Despite the rapid increase in the use of these technologies in the workplace, only one-third of organizations are using AI to adequately address security, privacy, and ethical risks, according to a new study from ISACA. Only.
A survey of 3,270 digital trust professionals found that only 34% believe their organizations pay sufficient attention to ethical standards for AI, and less than a third (32%) Organizations say they are adequately addressing AI concerns in their deployments, such as data privacy and bias.
Despite 60% of respondents saying their organization's employees use generative AI tools in their work, and 70% of employees saying they use any type of AI. This remains the same.
Furthermore, according to ISACA, 42% of organizations now formally allow the use of generative AI in the workplace, up from 28% six months ago.
Respondents say the three ways AI is most commonly used today are to improve productivity (35%), automate repetitive tasks (33%), and create written content (33%) said.
Lack of AI knowledge and training
The survey, dated May 7th, reveals a lack of AI knowledge among digital trust professionals, with only 5% of those declaring themselves very or very familiar with AI. It was only 25%.
When it comes to AI, almost half (46%) classify themselves as beginners.
Digital trust professionals overwhelmingly recognize the need to improve their AI knowledge for their roles, with 85% knowing that they will need to improve their skills in this area within two years to advance or retain their job. I accept that I need to improve my knowledge.
Most organizations are not taking steps to address the lack of AI knowledge among IT professionals and the general workforce. Nearly half (40%) do not offer any AI training at all, and 32% of respondents said the training provided is limited to staff in technology-related roles.
Additionally, only 15% of organizations have a formal comprehensive policy regarding government use of AI technology.
talk to information securityRob Clyde, former ISACA board chair and Cybral director, said this was directly related to a lack of AI expertise and training.
“Cybersecurity governance experts are the people who create the policies. If they are not very familiar with AI, they may feel uncomfortable creating AI policy,” he noted.

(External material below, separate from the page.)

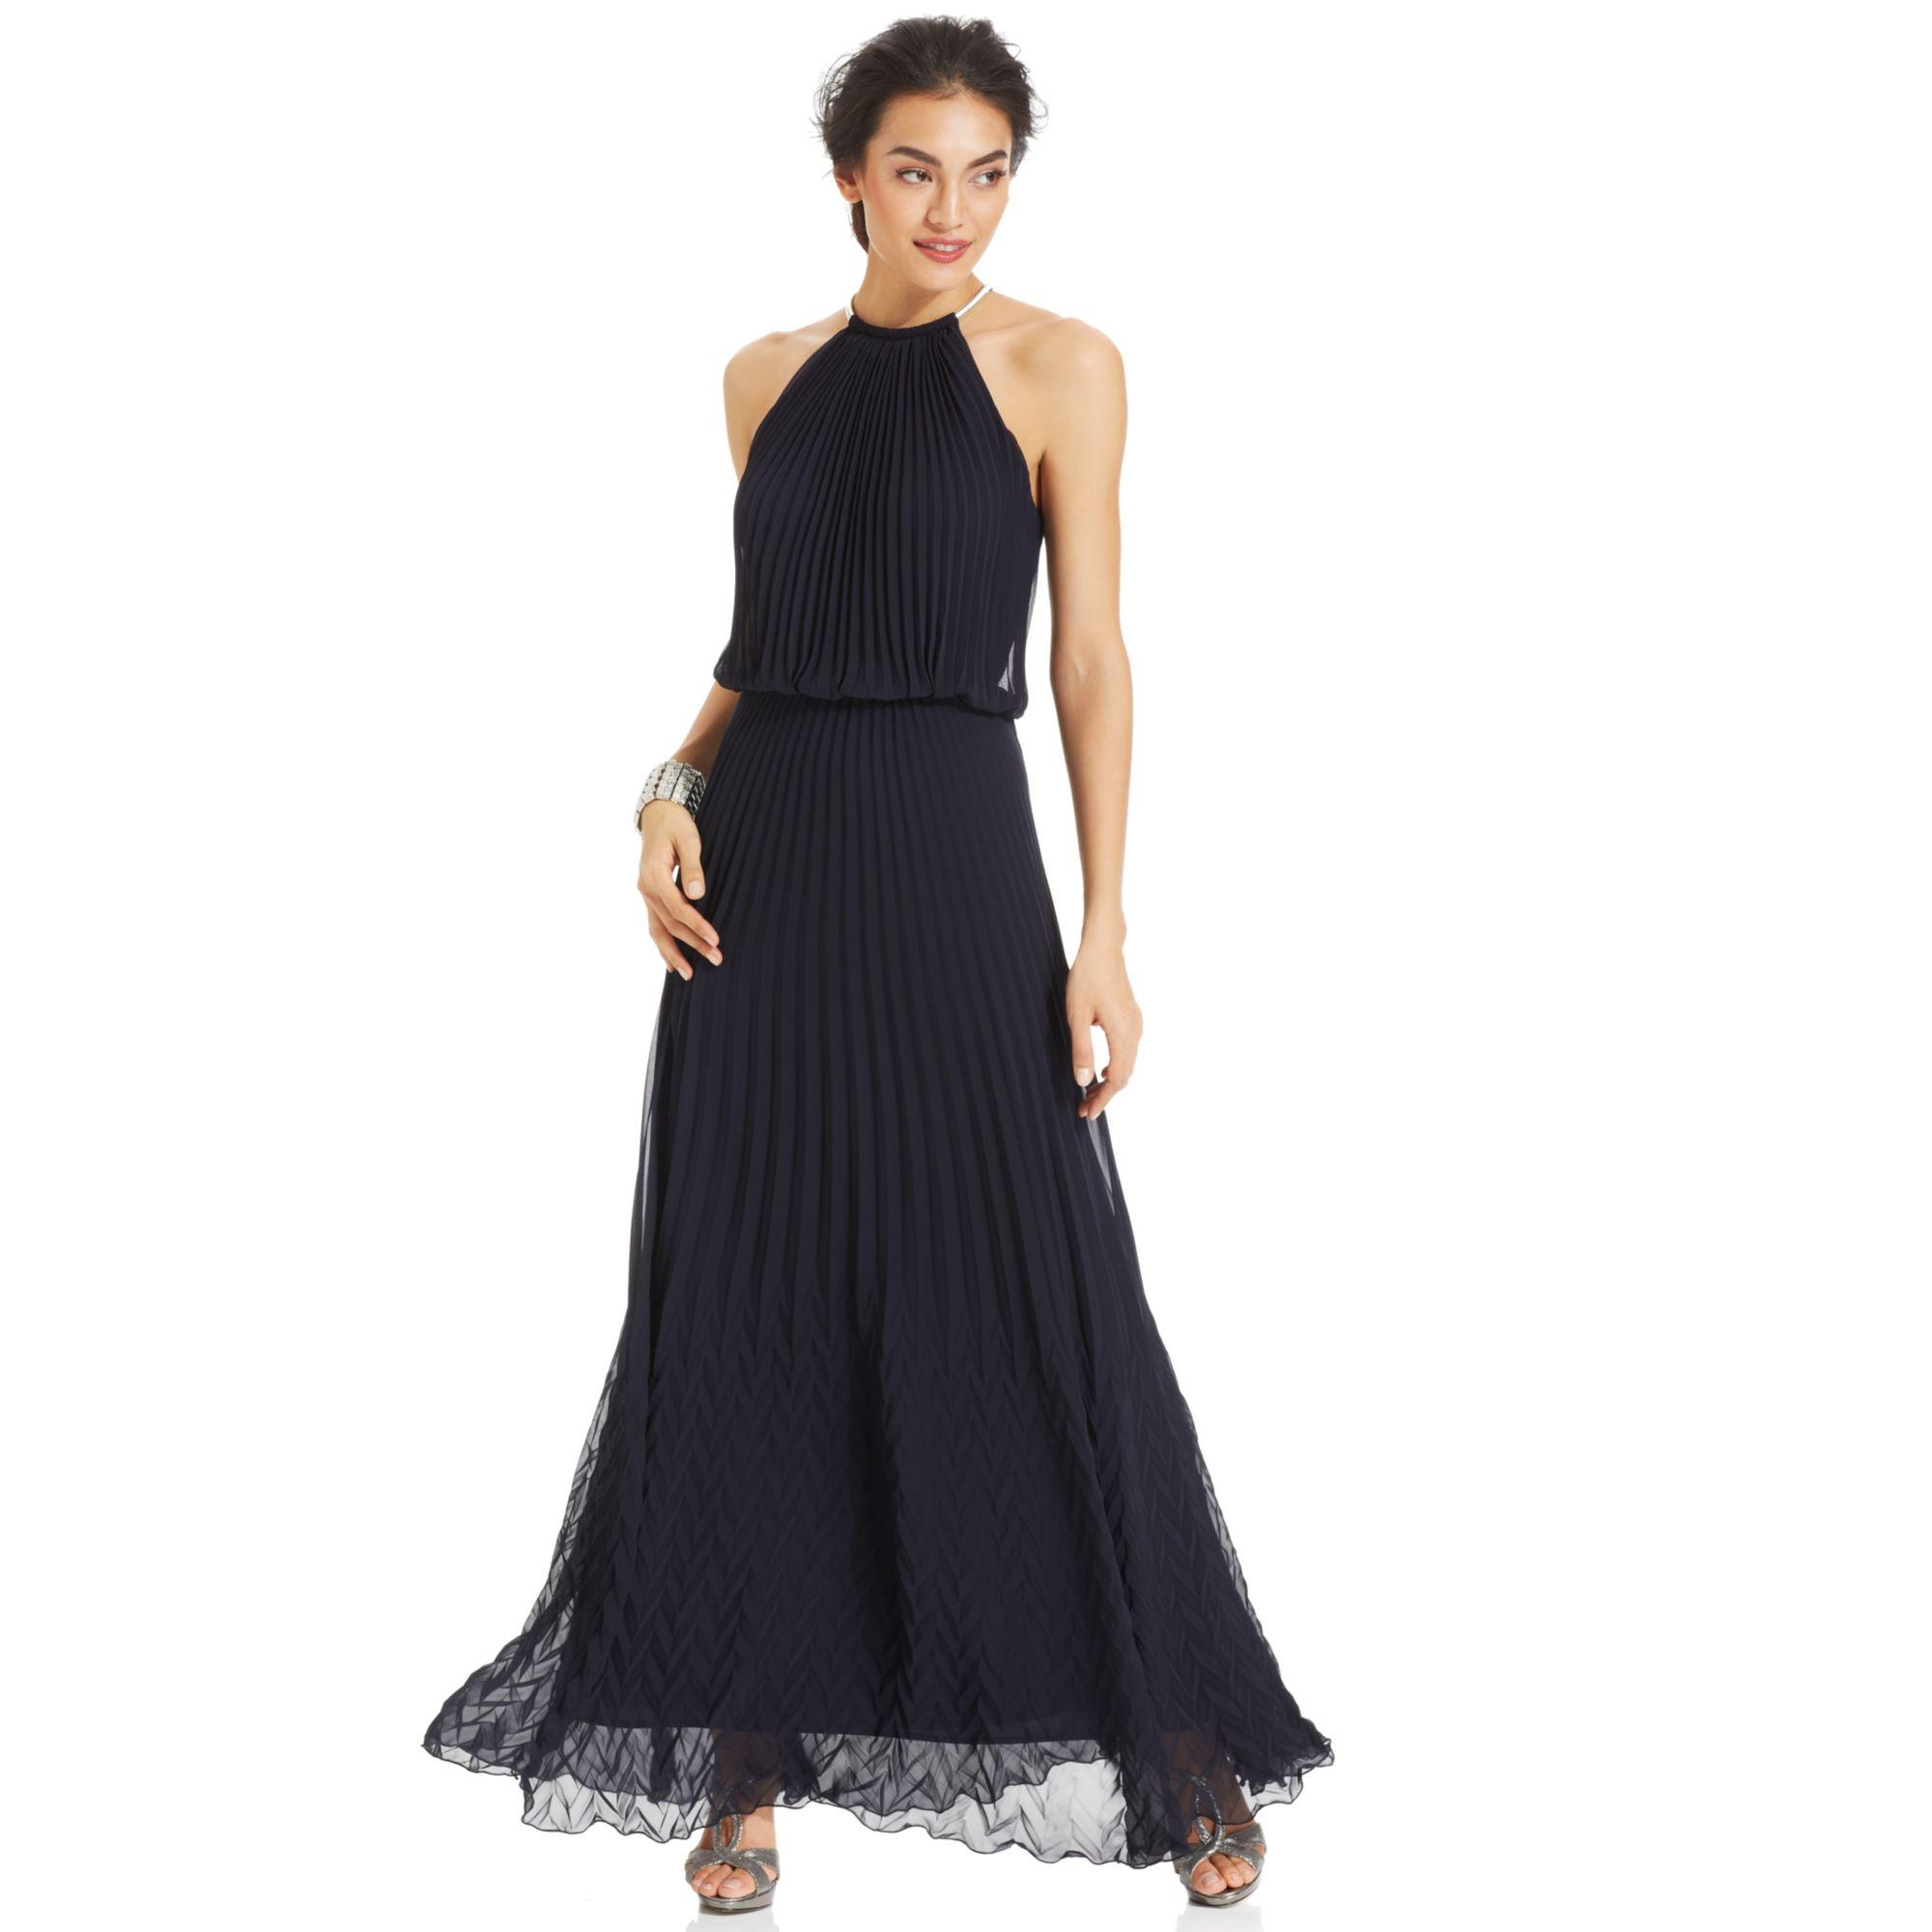 Xscape Blouson Dress | Dress images

Clyde advised organizations to leverage available AI frameworks to help build AI governance policies, such as the National Institute of Standards and Technology's (NIST) AI Risk Management Framework.
In the meantime, Clyde added, organizations should put at least some clear rules in place around the use of AI, such as not inputting sensitive information into publicly available large-scale language models (LLMs). .
“We don't have long to figure this out. The time is now,” he warned.
ISACA also revealed that it has released three new online courses for AI training, including auditing and managing these technologies.
How AI will impact cybersecurity jobs
The IT professionals surveyed also emphasized that they expect AI to have a significant impact on their work in general. Almost half (45%) believe that many jobs will be lost to AI in the next five years, and 80% believe that many jobs will change as a result of these technologies.
However, 78% believe AI will have a neutral or positive impact on their career.
Clyde said information security He said he expects AI to essentially replace certain cybersecurity roles over time. This includes his SOC analysts, whose AI is much better at pattern recognition than humans. The other is to significantly reduce the role of humans in creating policies and reports.
However, Clyde agreed with the majority of respondents that AI will have a net positive impact on cybersecurity jobs, creating many new roles related to the safe and secure use of AI in the workplace. .
For example, experts vet AI models to ensure they are free of bias or ensure that AI-based disinformation is not infiltrating the environment.
“If you think about it, we have a whole new opportunity,” Clyde said.
Tackling AI-based threats
Respondents also expressed significant concern about malicious actors using AI tools to target their organizations.
More than four in five (81%) highlighted misinformation/disinformation as their biggest threat. Alarmingly, only 20% of IT professionals say they are confident in their ability to detect false information using AI, and 23% say they are confident in their company's ability to detect false information. did.
Furthermore, 60% said they were very or very concerned that generative AI could be exploited by malicious actors, for example to create more believable phishing messages. .
Despite this, only 35% believe AI risks should be addressed as an immediate priority for their organization.